Pricing and precise bottle counts for both releases have not yet been confirmed at time of publication, but Last Drop's previous releases have consistently entered the secondary market at multiples of their initial retail price. The combination of Sazerac's distribution infrastructure and Last Drop's curatorial reputation means these bottles will reach the right buyers efficiently. Whether they surface at auction within twelve months, as many Last Drop releases do, will be a useful indicator of how the top end of the collectible spirits market is performing heading into the second half of 2026.
Frequently Asked Questions
What is Last Drop Distillers and who owns it?
Last Drop Distillers is an ultra-premium independent bottler founded in 2008 by Scotch whisky industry veterans James Espey and Tom Jago. The company was acquired by American spirits group Sazerac in 2016. It specialises in sourcing and bottling exceptionally rare, aged spirits from closed distilleries and forgotten casks, releasing them in very small quantities with full provenance documentation.

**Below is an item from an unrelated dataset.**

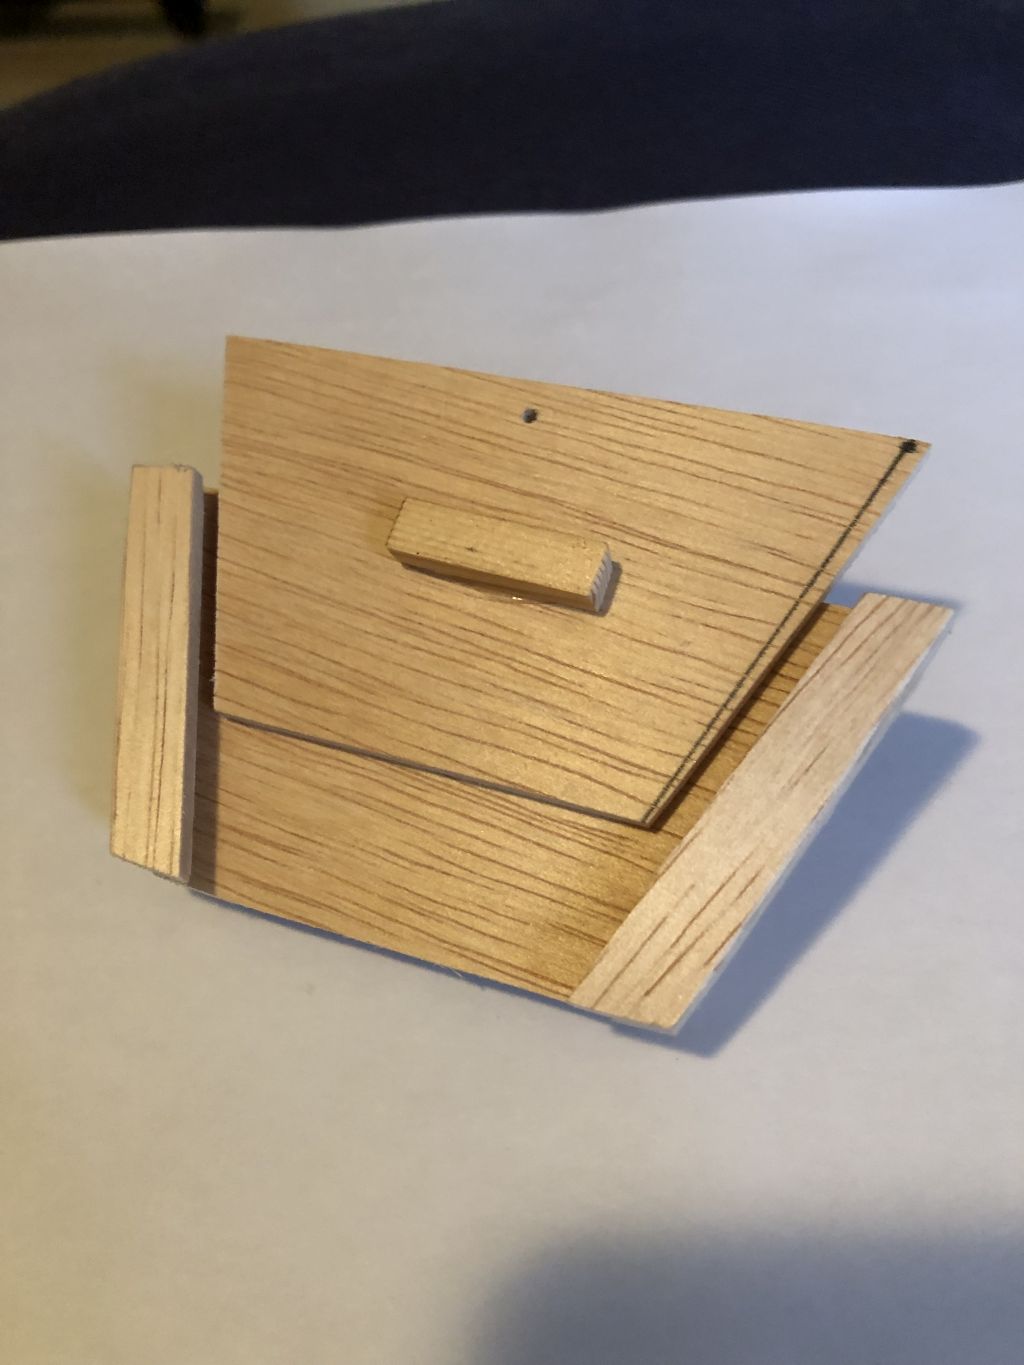 Wood prototype attachment

Why is Caroni rum so sought after by collectors?
Caroni was a state-owned distillery in Trinidad that closed permanently in 2002. Its heavy, characterful rums developed a cult following among collectors, and because no further production is possible, every bottle in existence represents a finite and diminishing supply. Aged Caroni releases from credible independent bottlers consistently achieve strong results at auction and have attracted significant crossover interest from whisky collectors.

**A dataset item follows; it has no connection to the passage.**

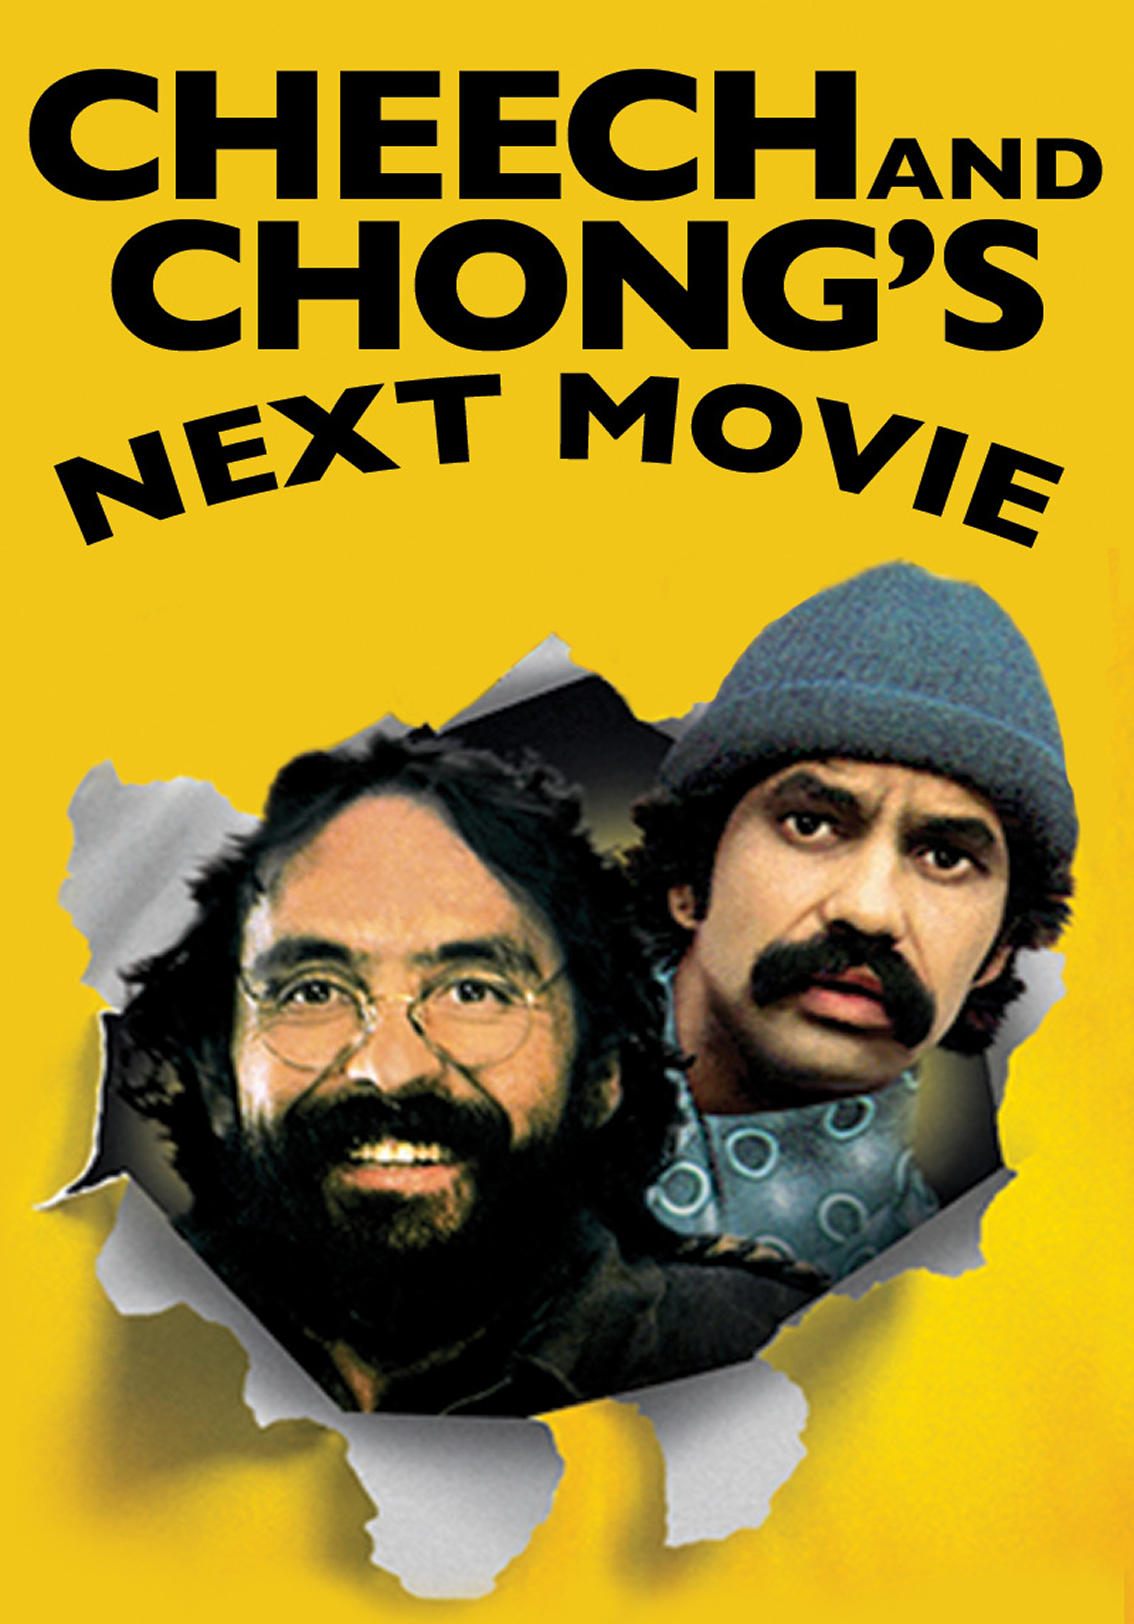 Cheech and Chong's Next Movie.

What happened to Carsebridge distillery?
Carsebridge was a grain whisky distillery located in Alloa, Scotland, that ceased production in 1983 and was subsequently demolished. It produced grain whisky primarily for use in blended Scotch, and surviving casks from the distillery are now among the oldest accessible Scotch grain whisky available anywhere in the market. Its closure and demolition mean no further spirit can ever be produced under that name.
How does Last Drop Distillers source its casks?
Last Drop draws on an extensive network of industry contacts built up over decades by its founders, combined with the financial resources provided by Sazerac since the 2016 acquisition. The company identifies individual casks or parcels of aged spirit from closed distilleries, private warehouses, and long-forgotten stocks, authenticates their provenance, and bottles them in small runs with detailed documentation for each release.
Are Last Drop releases a reliable indicator of secondary market strength?
Last Drop releases have historically performed strongly on the secondary market, with many bottles achieving multiples of their original retail price at auction within relatively short timeframes. Because the bottler operates at the very top of the collectible spirits market and releases are produced in genuinely limited quantities, they function as a useful benchmark for collector demand at the premium end. Strong auction results for Last Drop bottles tend to reflect broader confidence in the rare and aged spirits segment.